Lapsburgh's fictional country and its inhabitants invite our condescension from the get-to: a banner above the town hall-like stage declares, practically begs, "Welcome Home?" Ingratiated through such quaint over-enthusiasm, like prompting the audience for a "show of hands" when no question has been asked, we're then presented with an outrageous deconstruction of the quintessentially American hard-boiled detective plot that finally dovetails nicely with the increasingly sci-fi events occurring in Lapsburgh. Along with tongue-in-cheek Borat-esque near-eastern Orientalism and crime novel parody, The Berseker Residents and director Oliver Butler (of Brooklyn's The Debate Society) add to the genre-mashing snippets of backstage drama, an Arrested Development-caliber magician duel and seriously the best (analog) PowerPoint presentation ever.

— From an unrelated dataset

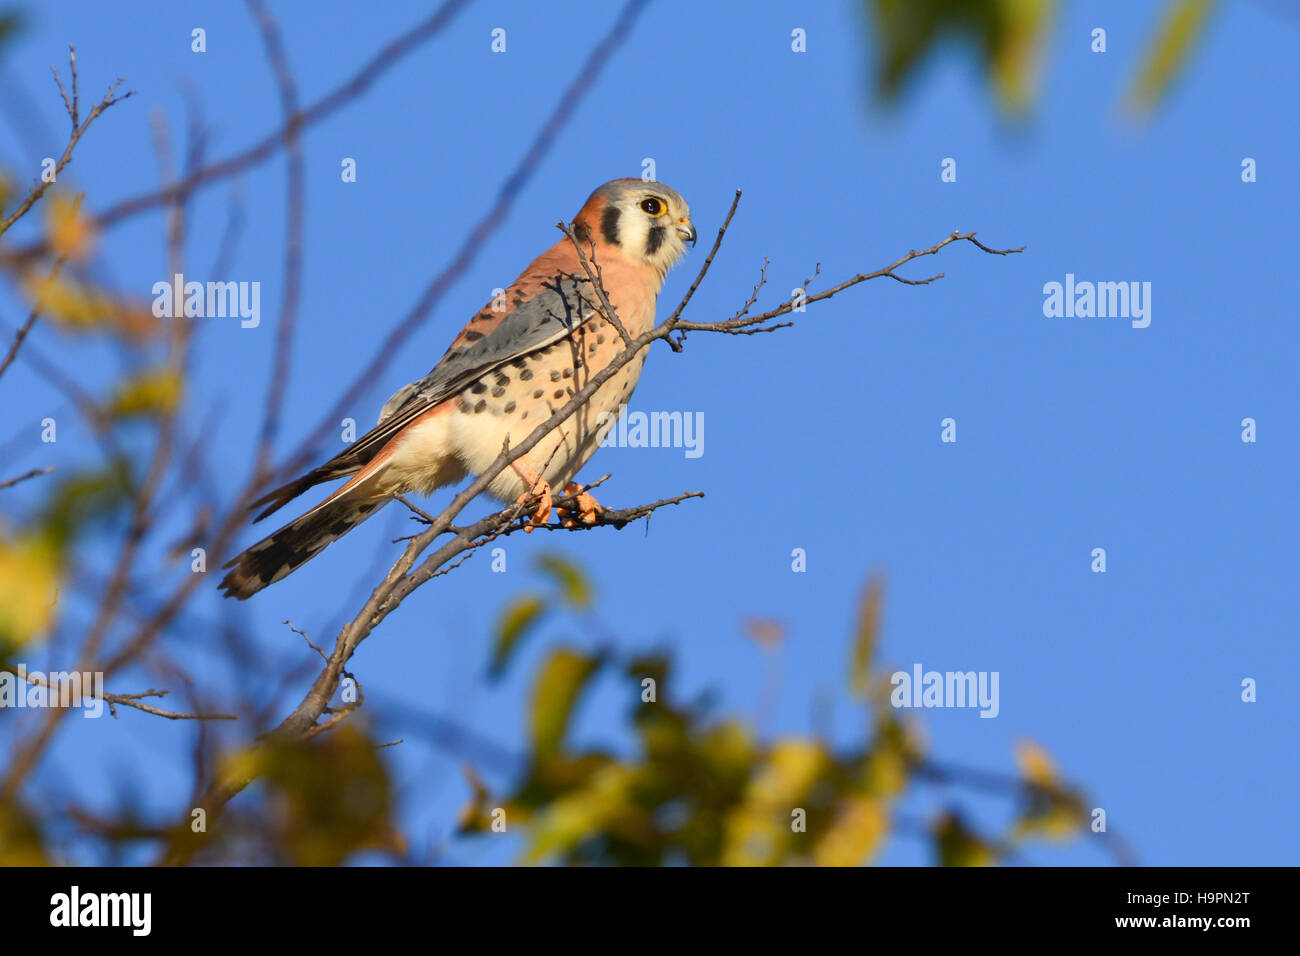 American Kestrel or sparrow hawk perched upright on a branch scanning for prey Stock Photo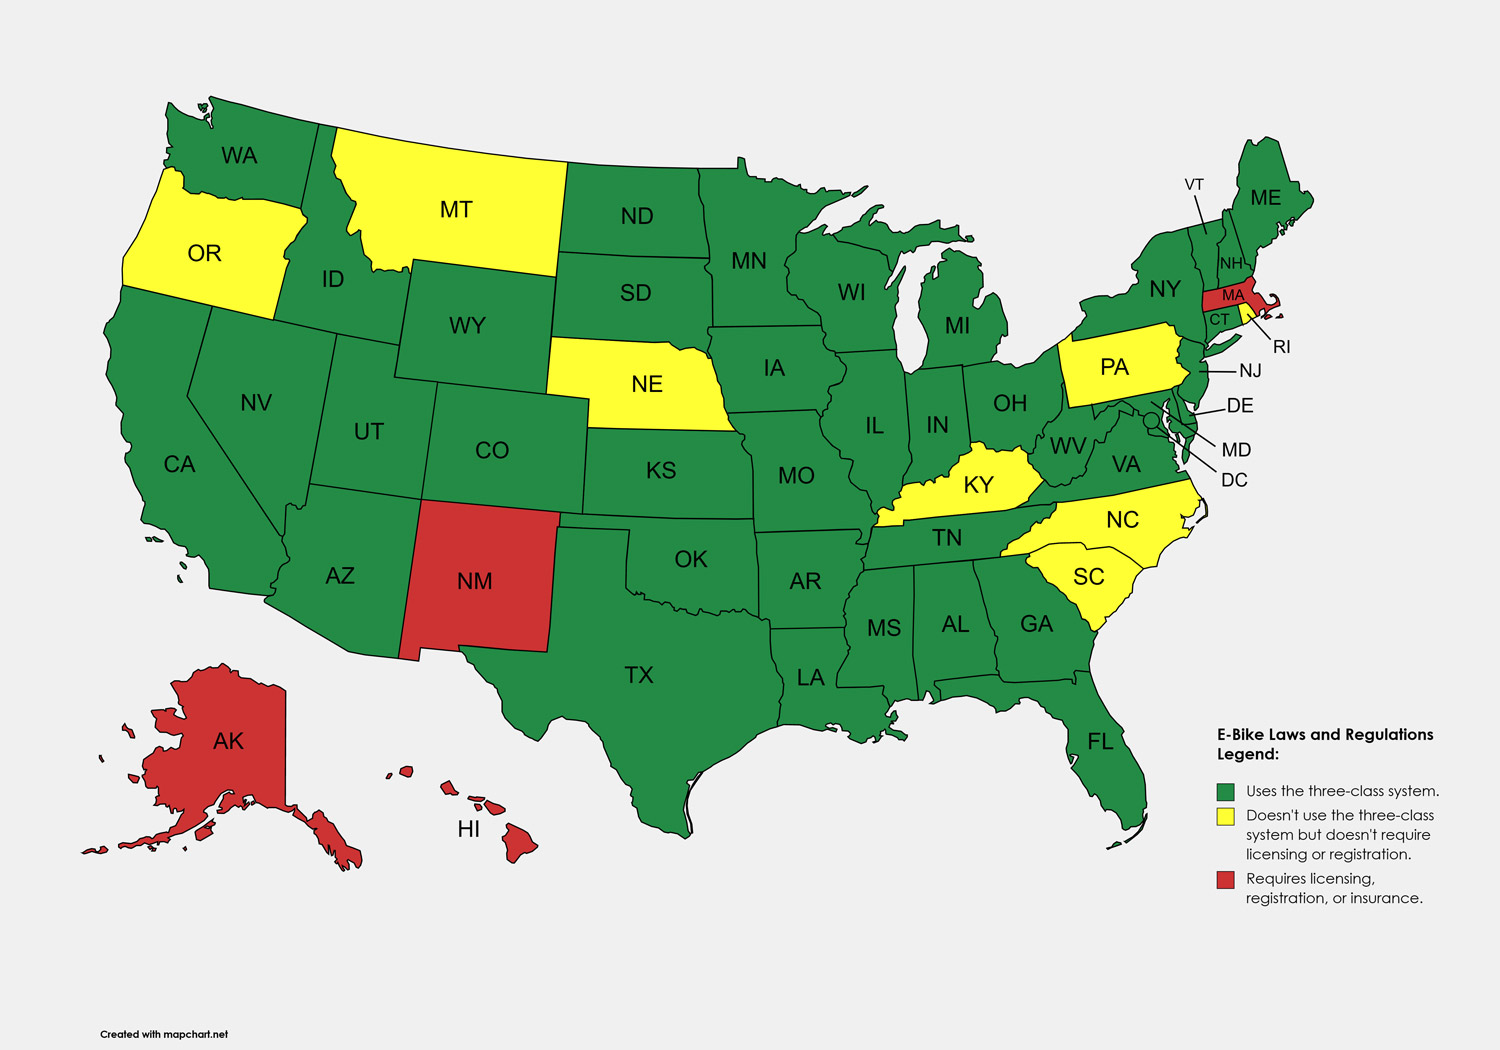 map of the united states showing ebike laws and regulations by state

The four actors, who adopt vaguely Greek accents as Lapsburghers only to revert to more simply stylized film noir tones in Detective Mickey scenes, are very strong. The three male actors ham it up while singing Miley Cyrus in drag (Justin Jain), soliciting audience participation for a puppet performance (Bradley K. Wrenn) and teaching us how best to kill a primordially evil Lapsburgh bullfrog with cutlery (Dave Johnson). But it's Leah Walton as Zelda Tre'Force—who, according to her fictional bio, is "most famous in all of Lapsburgh for my great history as an actress for stage and films, and for my numerous marriages"—who steals the show. Too big a star to take on any character other than herself, even in the detective story subplot, Zelda eventually goes Ripley on the apocalyptic frogs. Amidst many riotous laughs, Lapsburgh manages moments of quieting earnestness and palpable sadness near its conclusion. This may be the only layover you'll ever wish were extended.